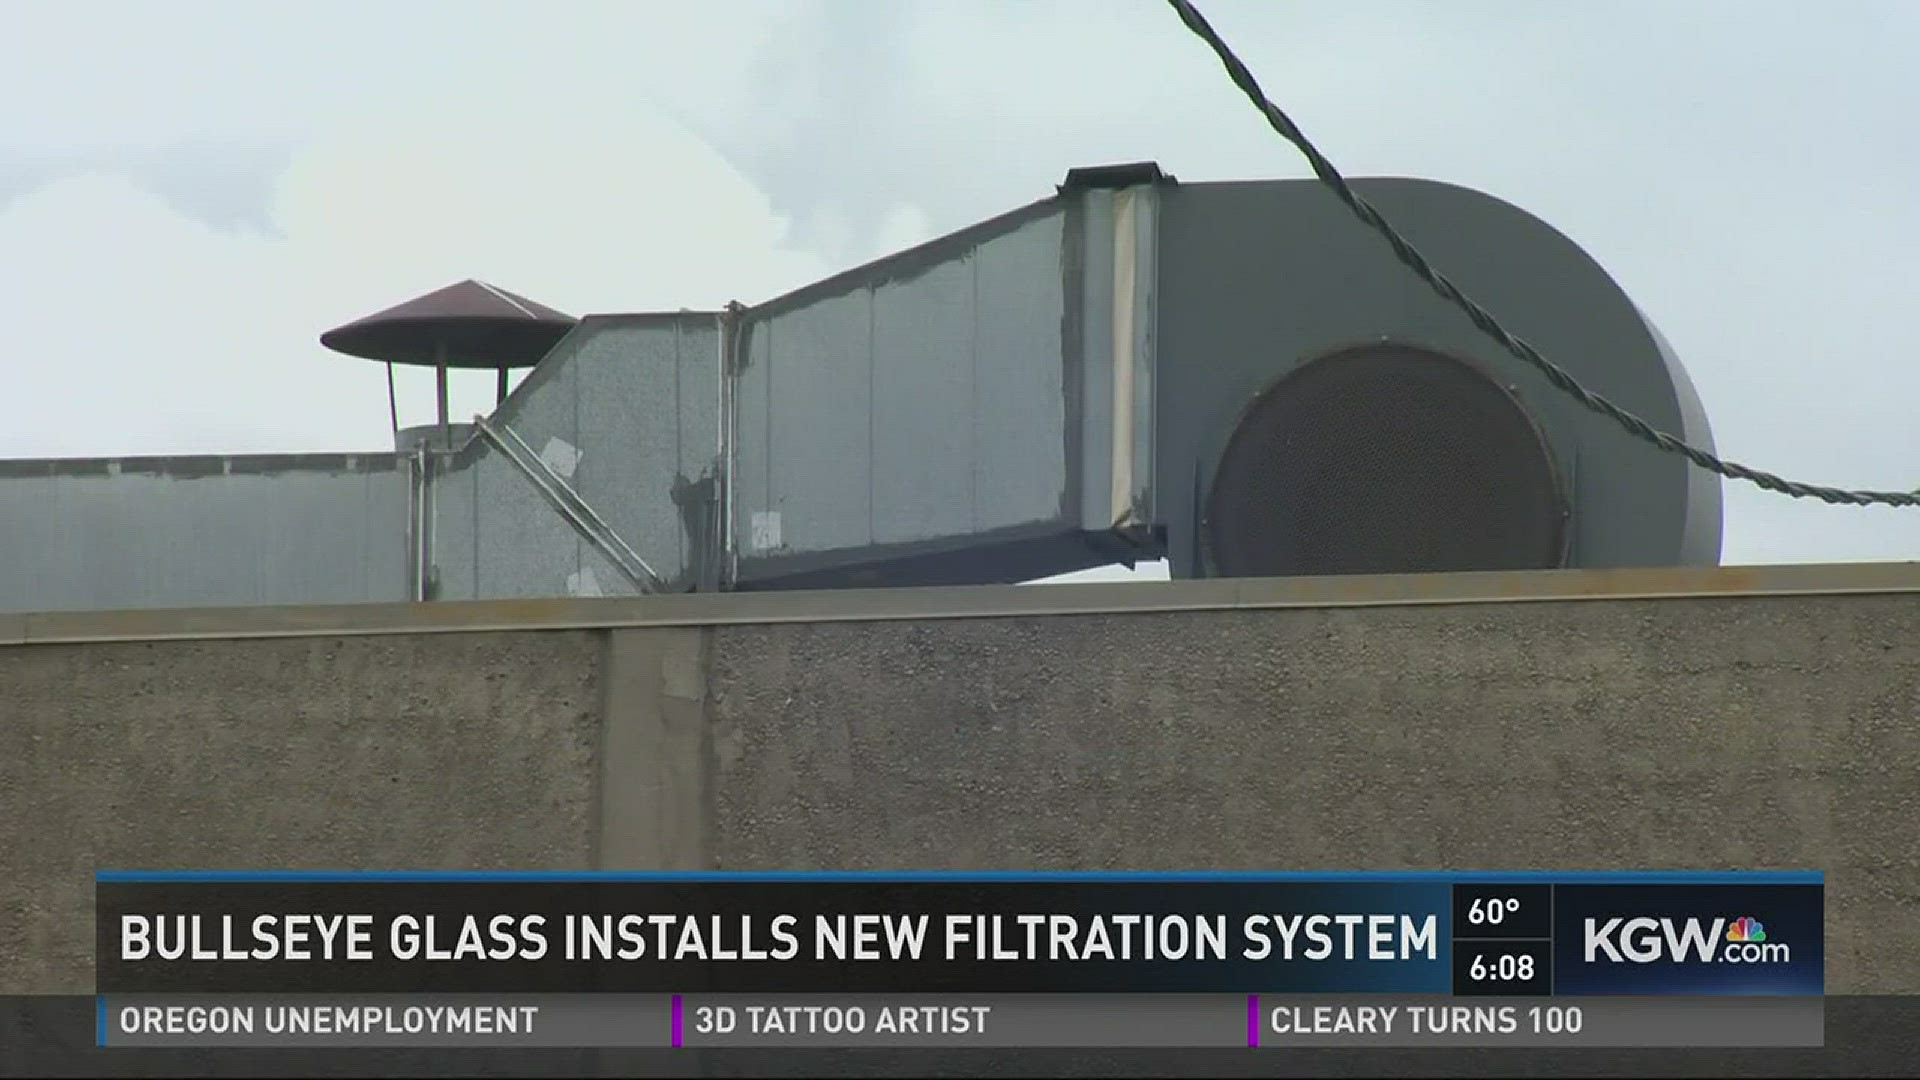 Bullseye Glass installs new filtration system
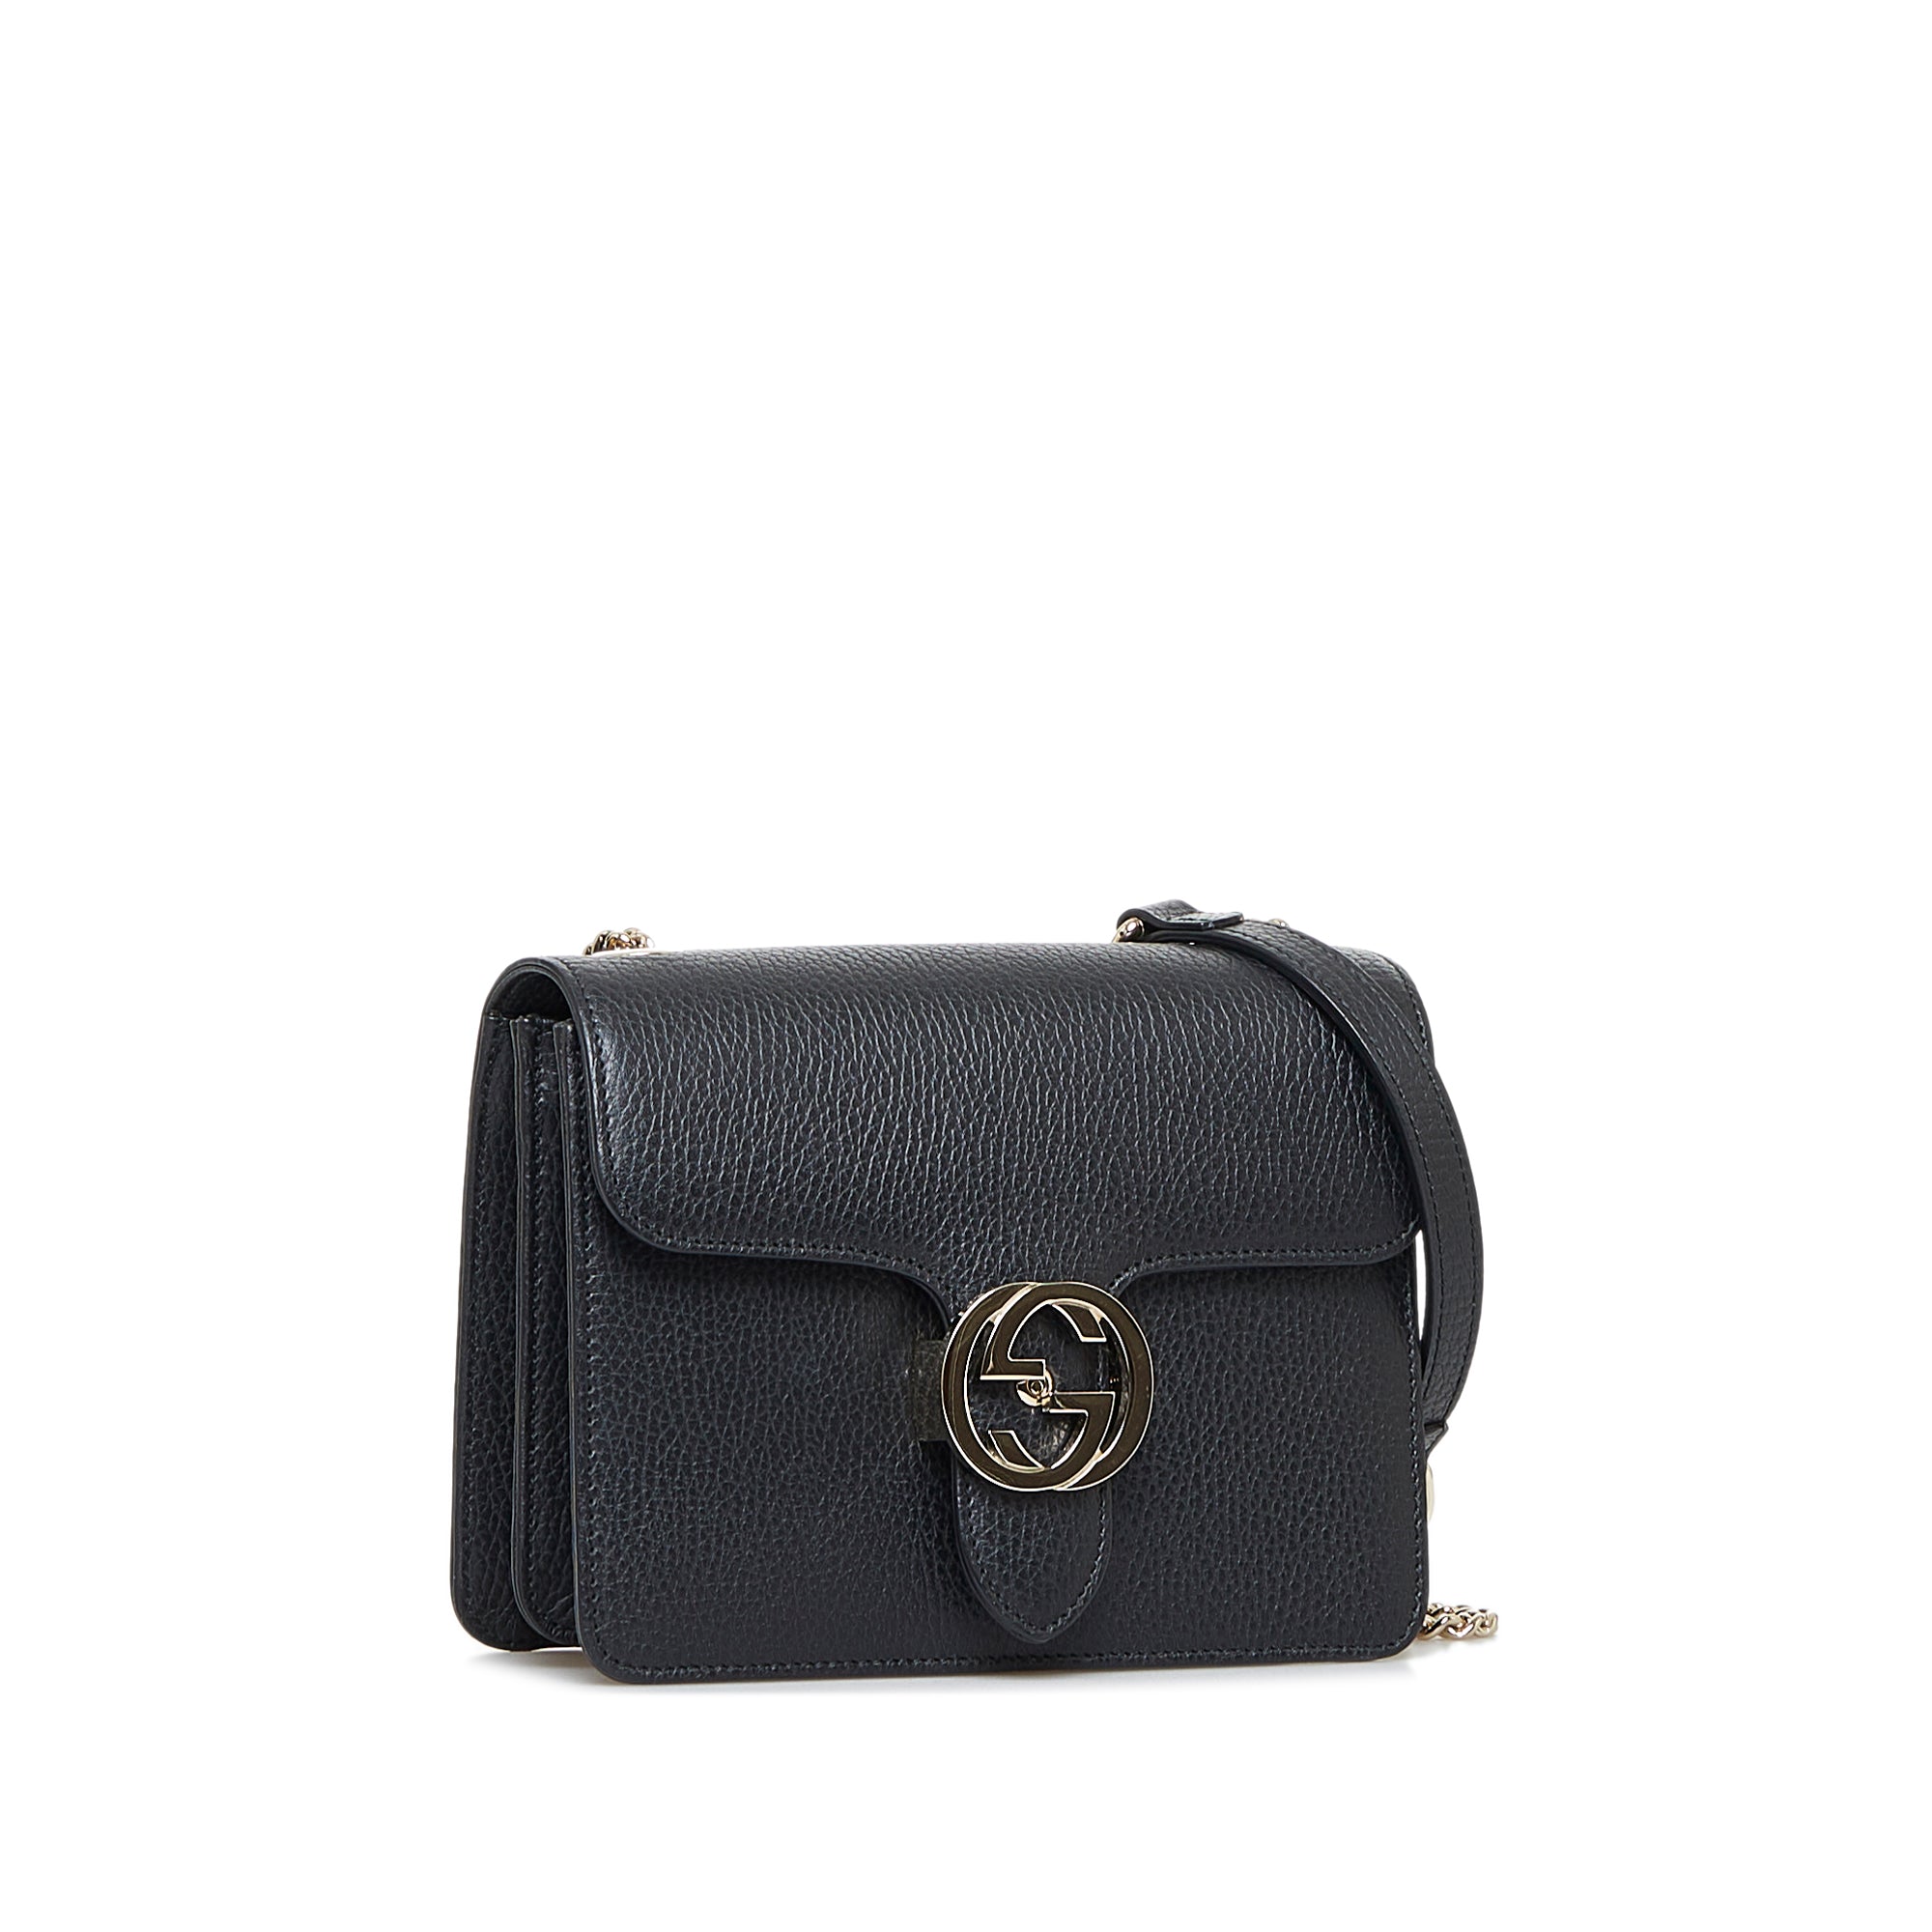 Gucci Interlocking BLACK Marmont Leather Silver Handbag Italy Chain 510304  NEW
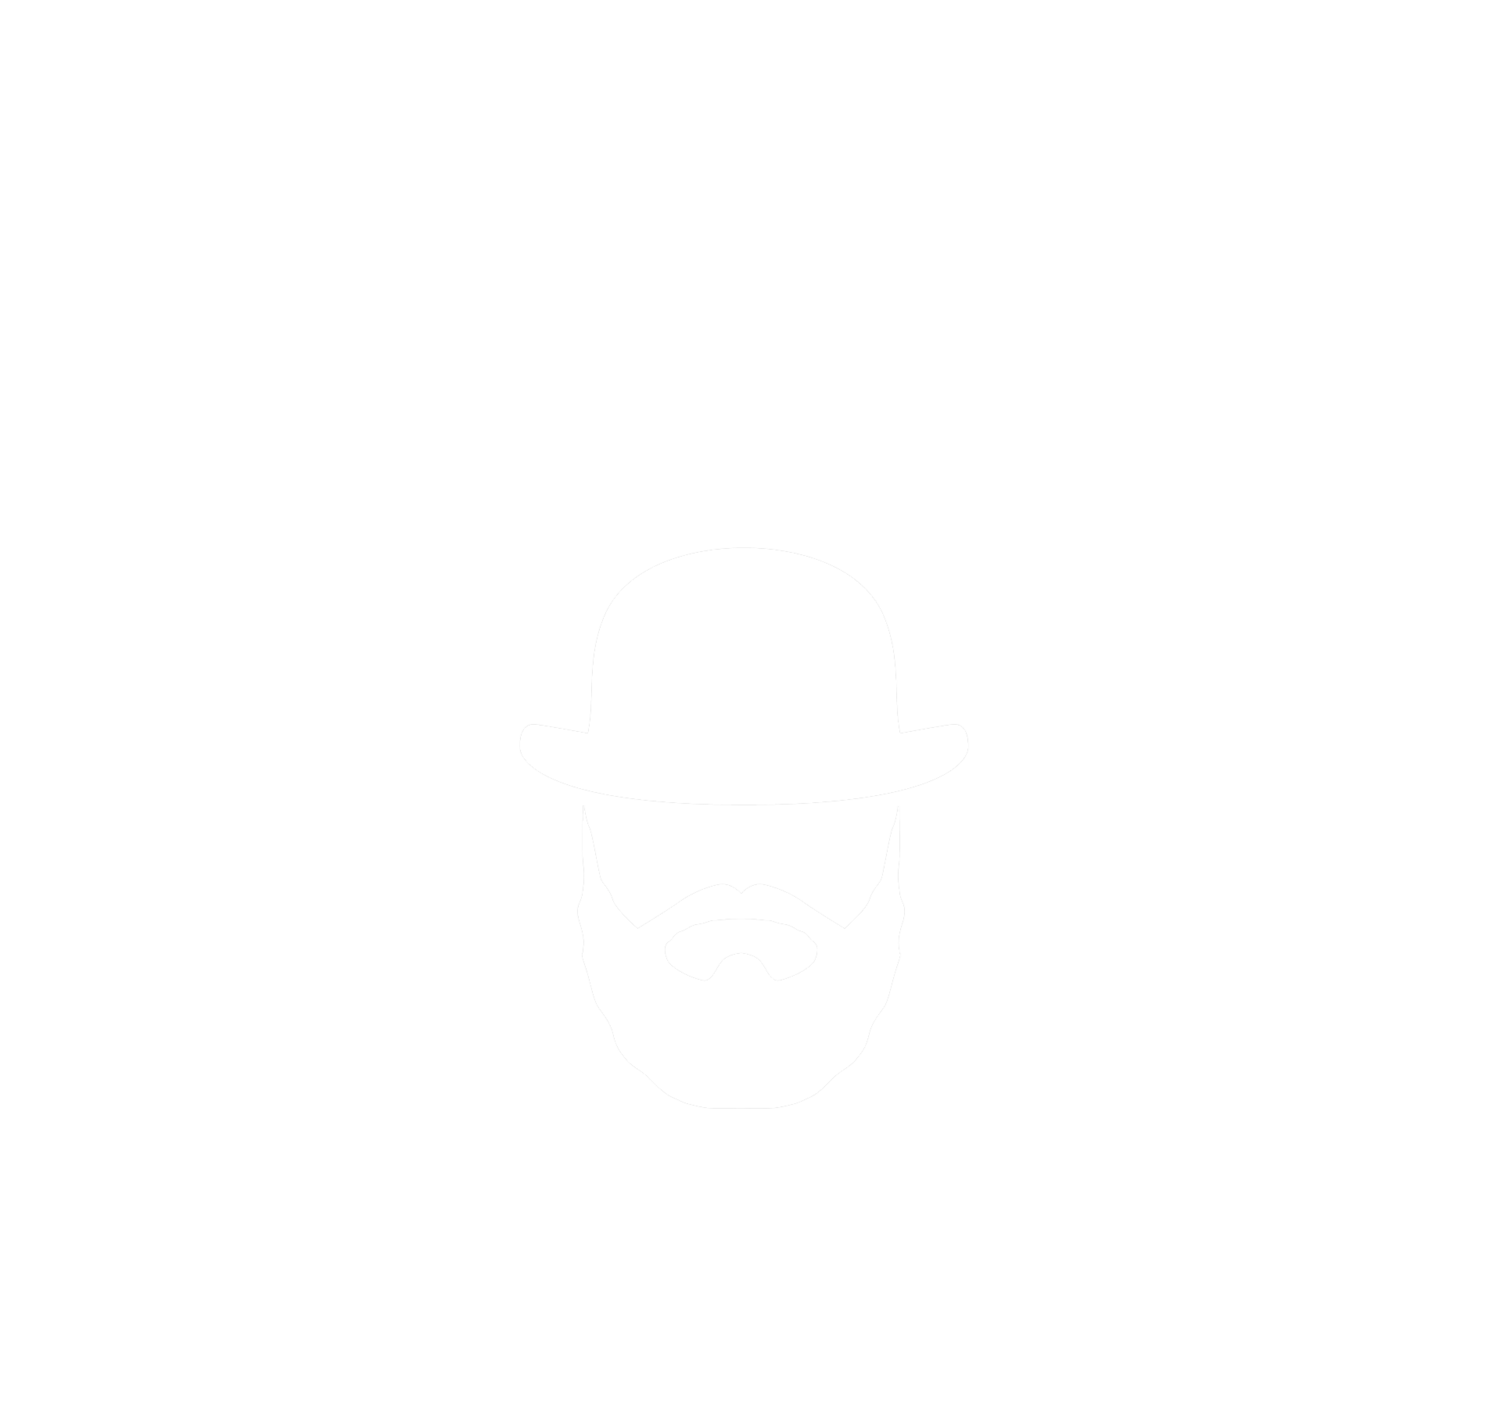 the gentleman bard

━━━━━━━━━━━━━━━━

## The problem
The pictures are not wanted, but every line of the listing should be duplicated exactly.

## Response to the exercise
 Bullseye Glass installs new filtration system
 Gucci Interlocking BLACK Marmont Leather Silver Handbag Italy Chain 510304  NEW
 the gentleman bard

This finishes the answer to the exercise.